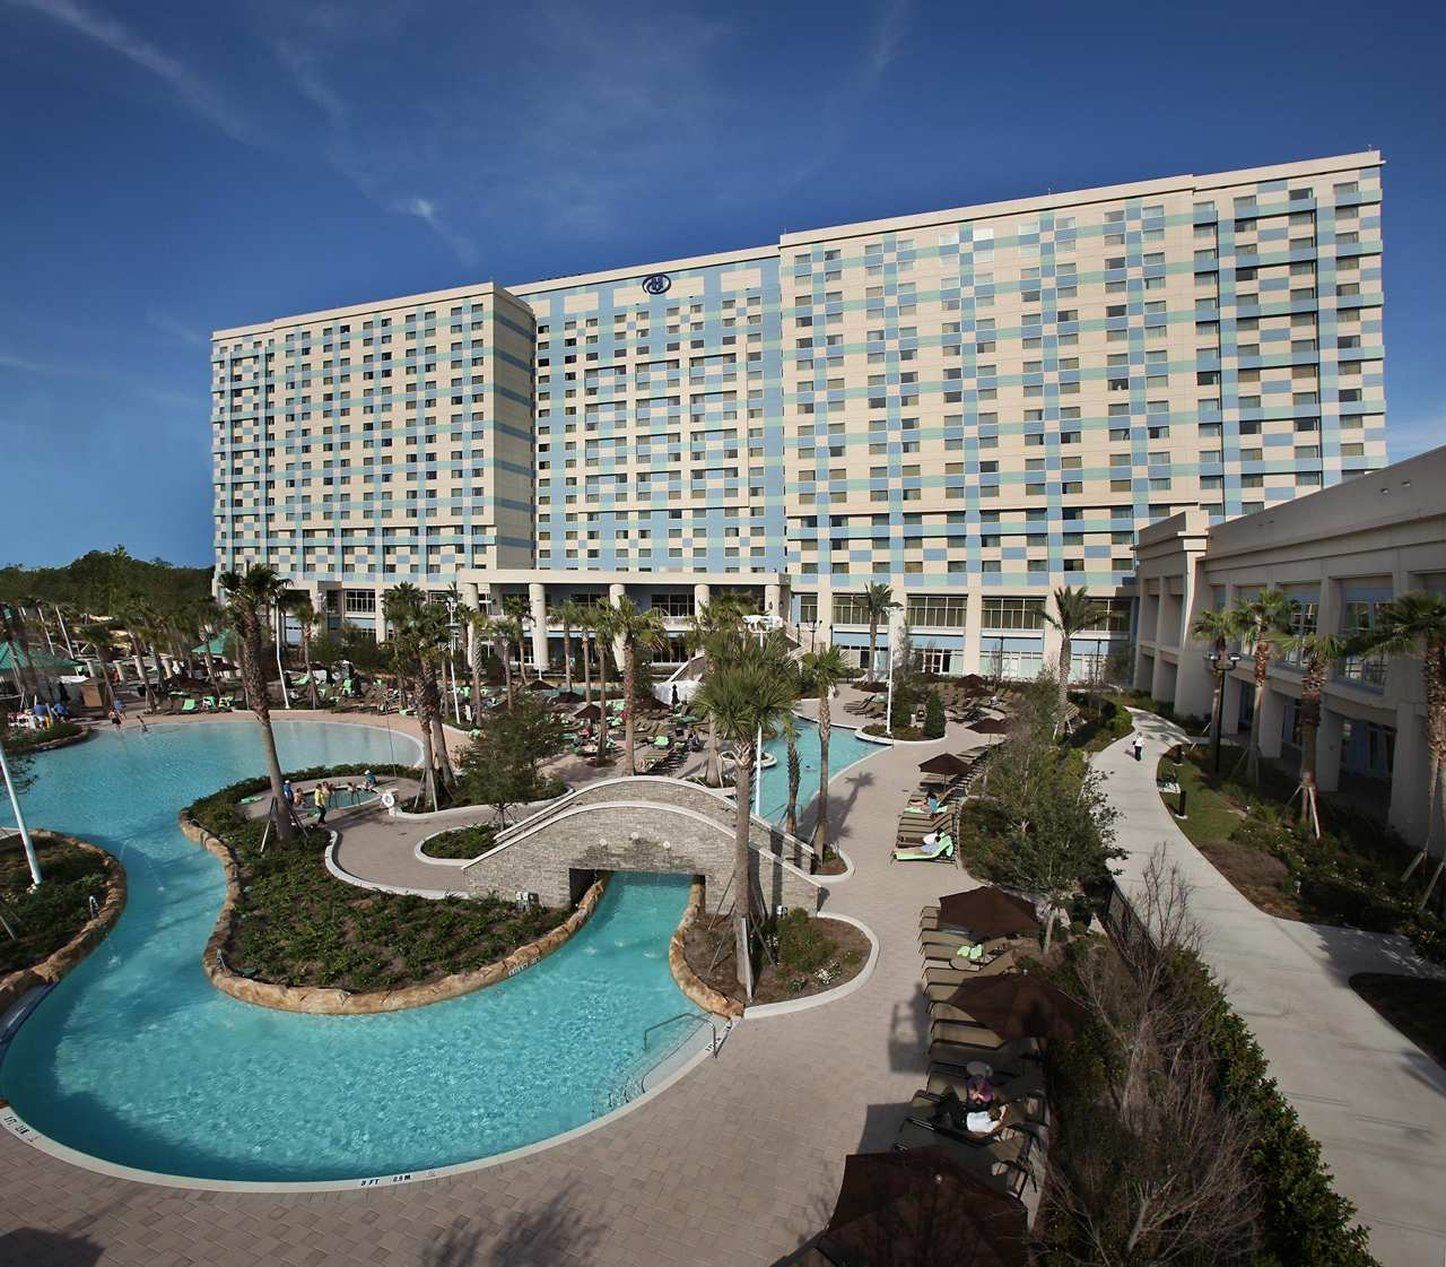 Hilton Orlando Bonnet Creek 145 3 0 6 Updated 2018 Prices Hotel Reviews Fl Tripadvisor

===============

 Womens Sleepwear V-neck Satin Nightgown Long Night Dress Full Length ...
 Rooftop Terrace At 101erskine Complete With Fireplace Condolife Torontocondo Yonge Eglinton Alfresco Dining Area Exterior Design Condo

===============

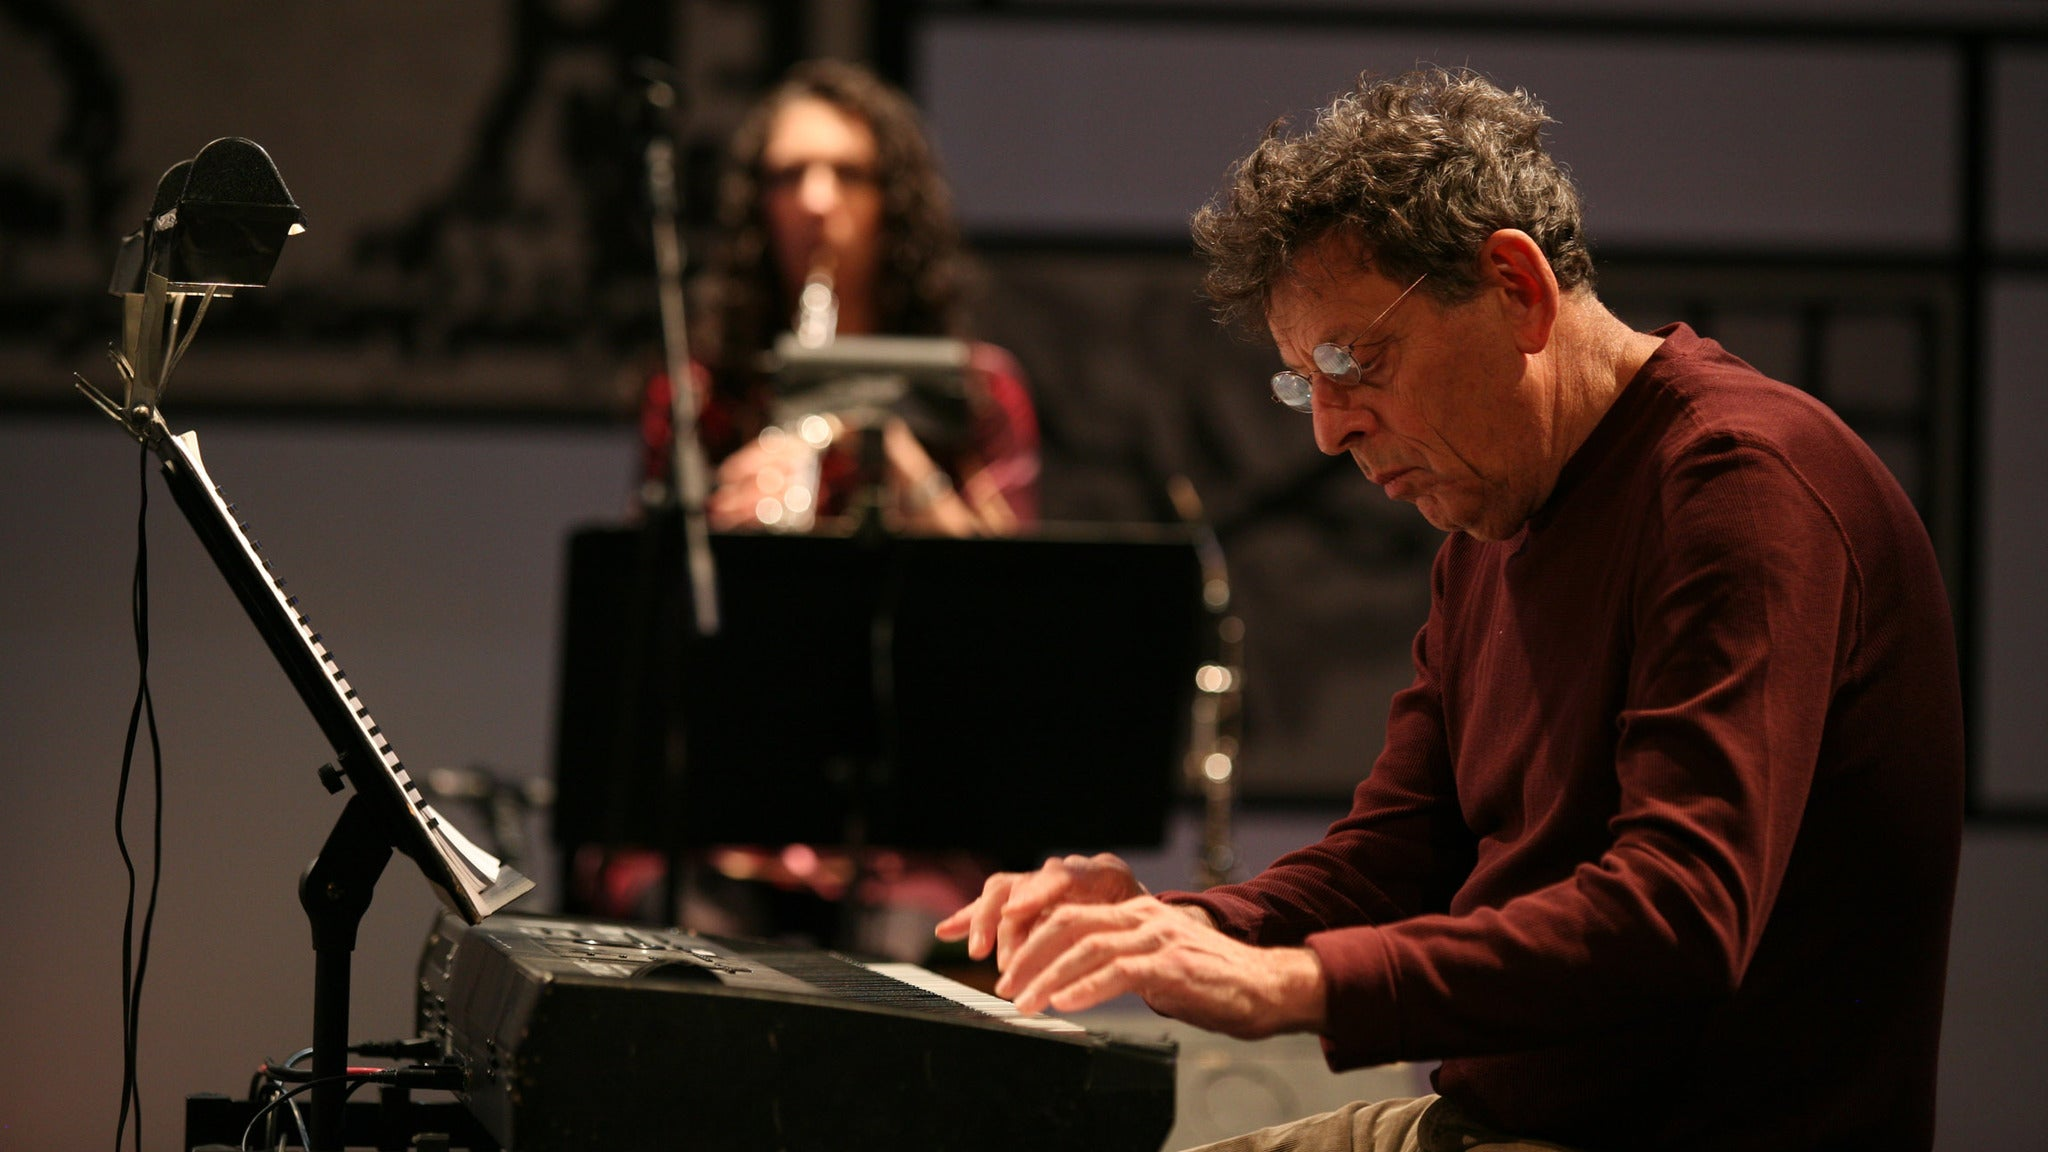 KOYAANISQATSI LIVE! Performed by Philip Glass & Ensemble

===============

REQUIRED ACTION: What you give back must be the stretch above, starting at the line with "Womens Sleepwear V-neck" and ending at the line with "Rooftop Terrace At", copied exactly.

YOUR SOLUTION:
 Womens Sleepwear V-neck Satin Nightgown Long Night Dress Full Length ...
 Rooftop Terrace At 101erskine Complete With Fireplace Condolife Torontocondo Yonge Eglinton Alfresco Dining Area Exterior Design Condo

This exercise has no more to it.